Coming back home, those are the stories I like to share with friends and family. That time I was in Nepal and wanted to catch a bus to a little village to spend de Dashain. The bus station was a complete chaos, no more seats available and not even one car had a sign with the destination. A young boy “adopted me” and found me a seat, bought me peanuts and water for the ride, payed for my ticket, and left without even saying his name, almost without accepting my endless “thank you’s”. I was in awe, and still am today, of how much kindness there is in the world.
Is the lonely moments, far from home, in the mids of a powercut, in a stone-hard bed… that make traveling such an interesting and intense journey. Eating a mango for breakfast tastes like glory after such a hard night.
The Napalese look at each other indiscriminately, but if you look back at them, you find sincere and kind eyes, curious about the novelty.

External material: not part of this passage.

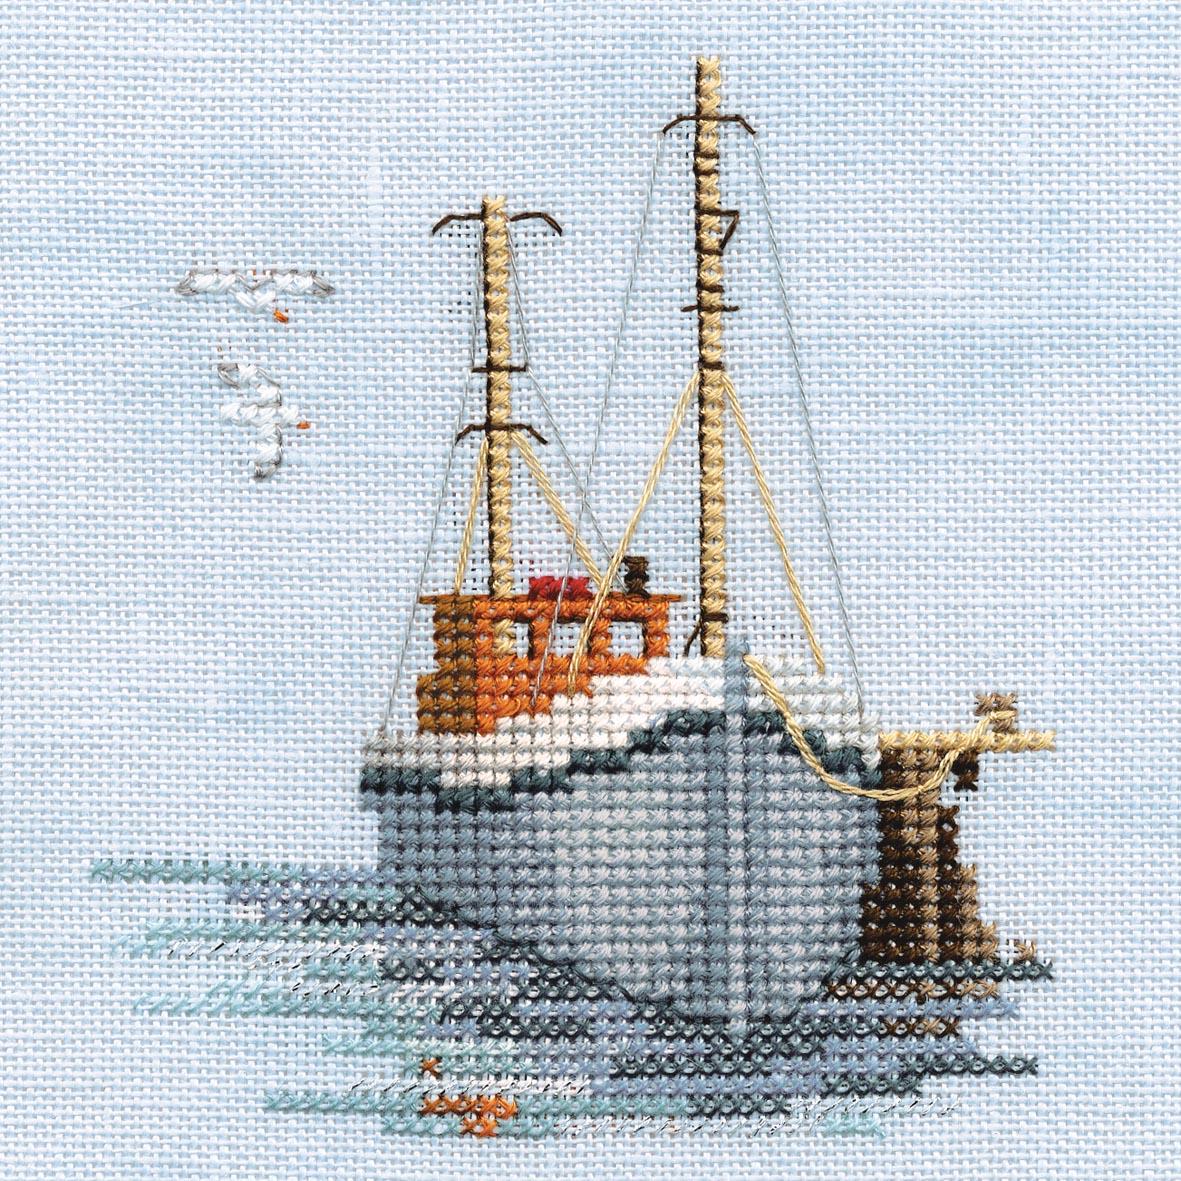 〔Derwentwater Designs〕 刺繍キット DW-MIN02

They have just passed a civil war, but they have not conserved a whim of scorn or fear. The Nepalese are calm, serene people, who, despite living without norms, without government, without monarchy or traffic signs have been able to find the order and way of living between this chaos and so much dust. They are welcoming people, for whom it is an honor to host the strangers and serve them by sharing what they have grown with their own hands, in their own lands. So much so that his religion not only respects the other religions, but often Hinduism and Buddhism share temples.
In Nepal, however, as everywhere, not all that shines is gold. They are one of the countries with the most natural resources in the world, the amount of water that is between its imposing mountains has an endless flow and during the monsoon season, the 10 water pits flooding the streets of Kathmandu stop the traffic for hours. Even so, people have to spend hours and hours in a cue to have access to a contaminated water source, to fill a single bucket that will have to ration.
Garbage piles up on the corners and on the side of the river, and although it does not smell as bad as one would expect, there is a large part of the population that became visually disabled due to the chemicals that the trash emanates.
Thousands of children are sent to orphanages, as international cooperation has missleaded them to receive better education and future if abandoned and picked up by Western volunteers.
The caste system, subtly in force, condemns the Nepalies from birth to better education, a better job, a position within the power structures of the country, a certain lifestyle, a specific lover.
Their religion teaches them the value of not establishing ties, and although they are perseverant, caring, conscious people of their nature, they face the great abysses of human nature with the coldness of not clinging to their own lives, so Death is less painful and possessions less transcendent.
In turn, however, you just have to exchange a "namaste" and a friendly smile to consider yourself as close as a Bhai, a brother. If you are lost they’ll not think twice, they will close the business and accompany you wherever you need. If you are alone you won’t even be asked, they will keep you company and they will accept you as family.
The concept of passing time is different than in the West. The Nepalese live a steady pace of "now and here", they live up to date, without planning, without expectations, without disappointment. It's funny how we have so many things to learn from a country we call "underdeveloped"!